Insurance Regulatory and Development Authority of India
Circular Ref: IRDAI/REIN/CIR/MISC/224/10/2022 | Date: 26-10-2022
To
CEOs of all FRBs (including Lloyd’s India)
Subject: Repatriation of Assigned Capital by FRBs/Lloyd’s India
A. The Authority has been taking various steps towards the ease of doing business so that insurance penetration can be increased. Various working groups represented by industry officials were constituted to suggest the changes in the existing regulatory framework and the compliance requirements. The Committees on Reinsurance Regulations, Ease of Doing Business and Developmental topics and the Committee on Finance and Tax Recommendations for Reinsurance Industry gave their recommendations, interalia, on the matters pertaining to repatriation of excess assigned capital by Foreign Reinsurance Branches (FRB) and Lloyd’s India.

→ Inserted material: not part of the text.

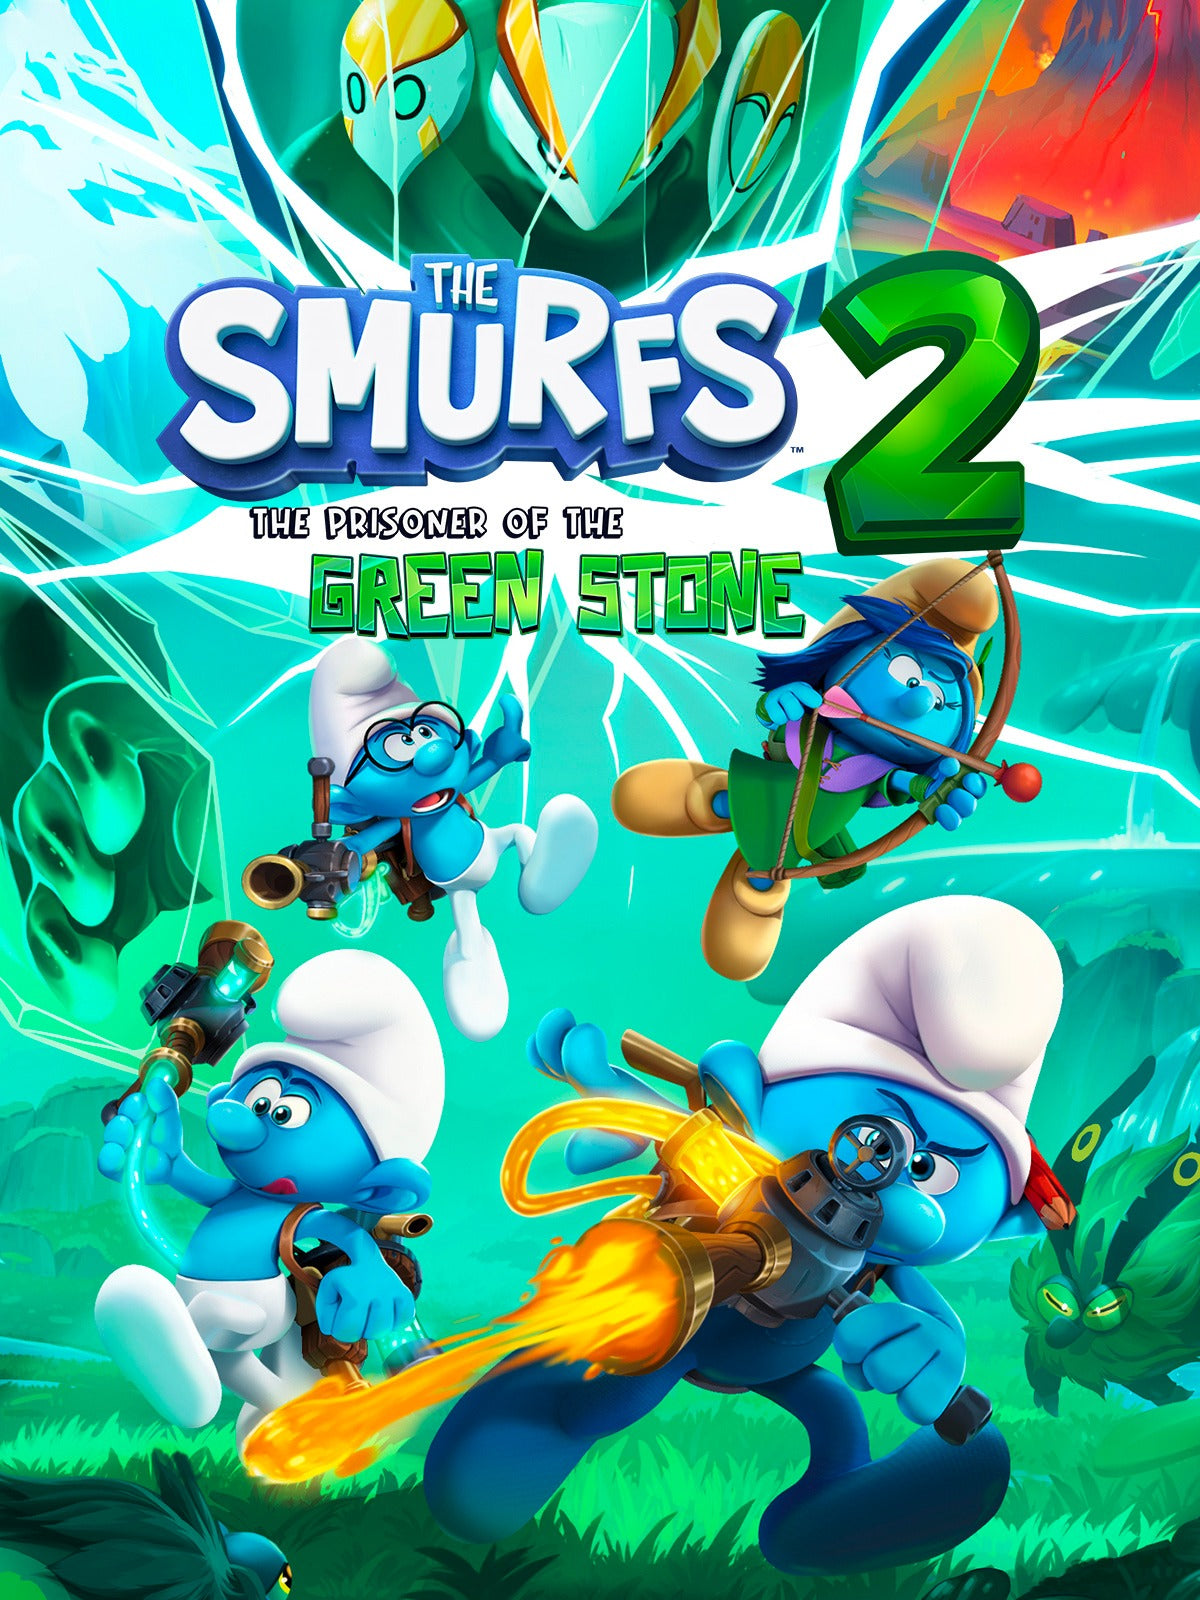 The Smurfs 2 - The Prisoner of the Green Stone (Standard Edition) - PlayStation | PS

B. After careful examination of the recommendations of the working groups, it is noted that to ensure sufficient reinsurance capacity in India and to attract more reinsurance players for offering reinsurance at a competitive price, the free movement of assigned capital for foreign reinsurance branches is required.
C. Accordingly, it is decided that FRBs and Lloyd’s India are permitted to repatriate excess assigned capital with prior approval of the Authority subject to the following:
i. The request to repatriate the assigned capital shall be submitted by the Foreign Reinsurer, who is engaged in reinsurance business through a branch established in India, justifying the reasons for such request;
ii. A certificate from the Foreign Reinsurer stating that the Reinsurer has Net Owned Funds of INR five thousand crores (Rs. 5000crs) or such amount as prescribed under Sec 6 (2) of the Insurance Act,1938, as per the last audited balance sheet;
iii. Minimum Assigned Capital of Rs. 100 Crore or such higher sum as specified by the Authority at the time of grant of certificate of registration net of provisions as per regulations shall always be ensured;
iv. Solvency ratio after the repatriation is at least 50 bps higher than the control level of solvency i.e. 200% as specified by the Authority;
v. Such withdrawal shall not exceed 20% of assigned capital of such FRB/Lloyd’s India as at the end of last financial year;
vi. One request in a Financial year can be made by the Foreign Reinsurer;
vii. A certificate from certifying Actuary to the effect that sufficient reserves are made to meet the reinsurance liabilities;
viii. A certificate from practicing Chartered Accountant/Cost Accountant that the request does not include the repatriation of surplus as per sub regulation 11 of Reg. 28 of IRDAI (Registration and operations of branch offices of FRB other than Lloyd’s) Regulations, 2015 and sub regulation 10 of Reg. 50 of IRDAI (Lloyd’s India) Regulations, 2016;
ix. A certificate from practicing Chartered Accountant/Company Secretary on compliance with the FEMA requirements, RBI circulars, tax laws and applicable regulatory framework.
D. This circular shall come into force with immediate effect.
This circular is issued under section 14(2)(e) of the Insurance Regulatory and Development Authority Act, 1999.